Chhatbar Pratik Y, Francis Joseph T
Joint Graduate Program in Biomedical Engineering between SUNY Downstate Medical Center and Polytechnic Institute of New York University at Brooklyn, NY 11203, USA.
Annu Int Conf IEEE Eng Med Biol Soc. 2010;2010:1686-90. doi: 10.1109/IEMBS.2010.5626832.
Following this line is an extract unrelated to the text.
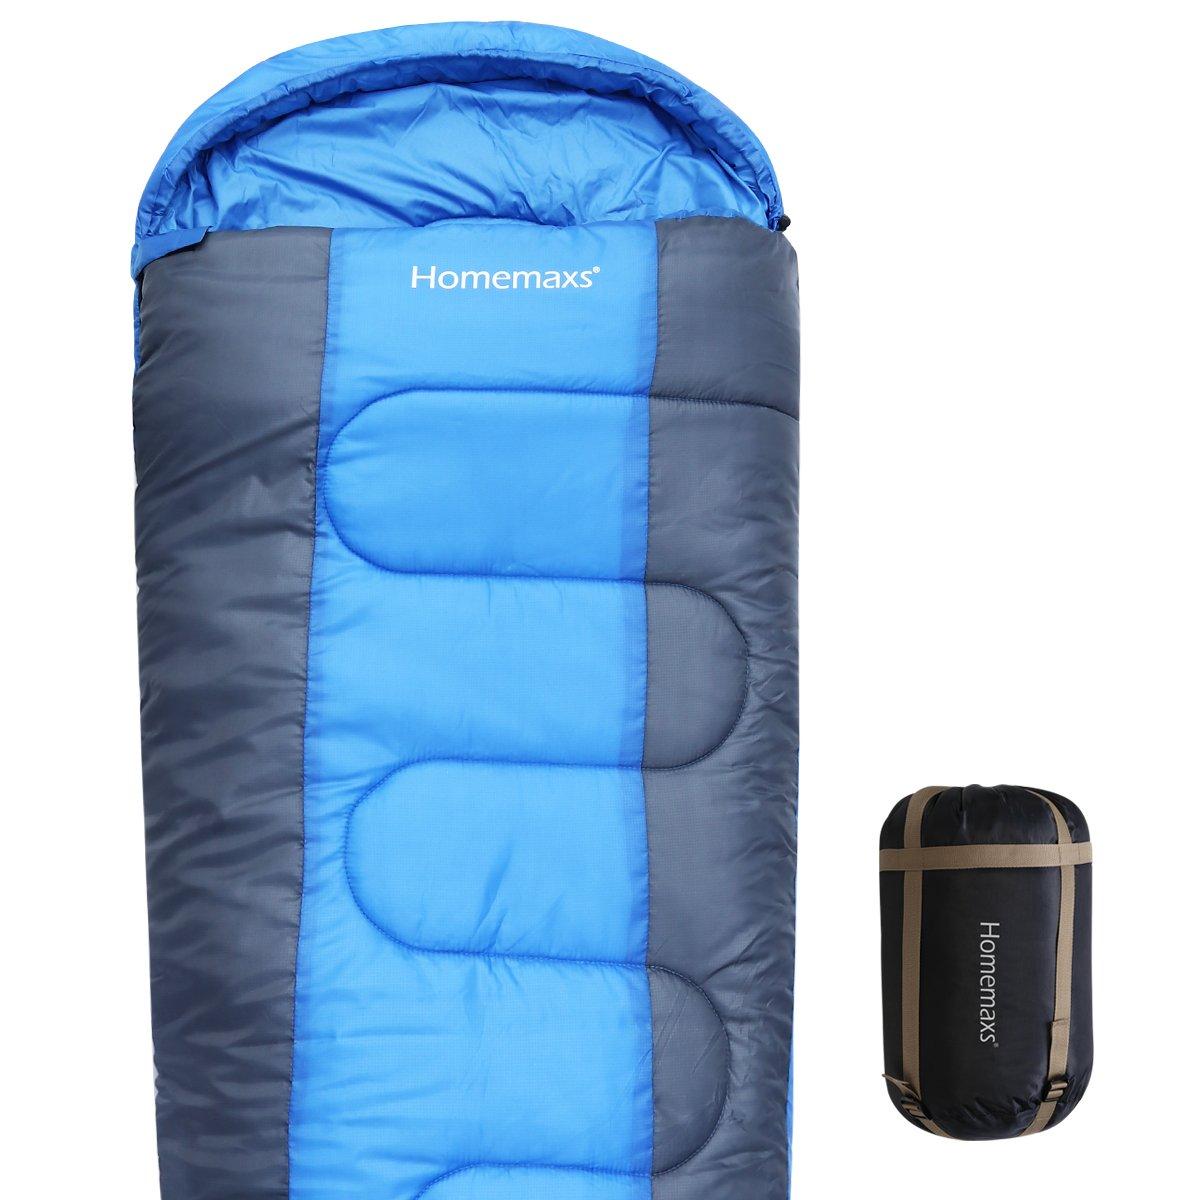 homemaxs Mummy Sleepingバッグ350 GSM軽量3 – 4 Season Sleeping Bag for Adultsキャンプ、ハイキング、バックパッキング、 B071ZGB7ZZ

Use of neural activity to predict kinematic variables such as position, velocity and direction etc of movements has been implemented in real-time control of robotic systems and computer cursors. In everyday life, however, we generate variable amounts of force to manipulate objects of different inertial properties or to follow the same trajectory under different external dynamic environments like air or water. The resultant work during such movements, and its time derivative power, should depend on the dynamics of the movement. In order to give the users of a brain-machine interface (BMI) comprehensive control of a prosthetic limb under different dynamic conditions, it is imperative to consider the dynamics-related parameters like end-effector forces, joint torques or power. In this paper, we show distribution patterns of two such dynamics parameters - force and power - and their predictive efficiency under different dynamic environmental conditions. We intend to find the force-related parameter, which has optimal predictive efficiency across different dynamic environments that is generalization. Our ultimate goal is to materialize a force-based brain-machine interface (fBMI).
利用神经活动来预测运动的运动学变量,如位置、速度和方向等,已在机器人系统和计算机光标实时控制中得以实现。然而,在日常生活中,我们会产生不同大小的力来操纵具有不同惯性属性的物体,或在诸如空气或水等不同外部动态环境下遵循相同轨迹。这种运动过程中的合成功及其时间导数功率应取决于运动的动力学特性。为了让脑机接口(BMI)的用户在不同动态条件下对假肢进行全面控制,必须考虑与动力学相关的参数,如末端执行器力、关节扭矩或功率。在本文中,我们展示了两个这样的动力学参数——力和功率——的分布模式及其在不同动态环境条件下的预测效率。我们旨在找到在不同动态环境下具有最佳预测效率(即泛化性)的与力相关的参数。我们的最终目标是实现基于力的脑机接口(fBMI)。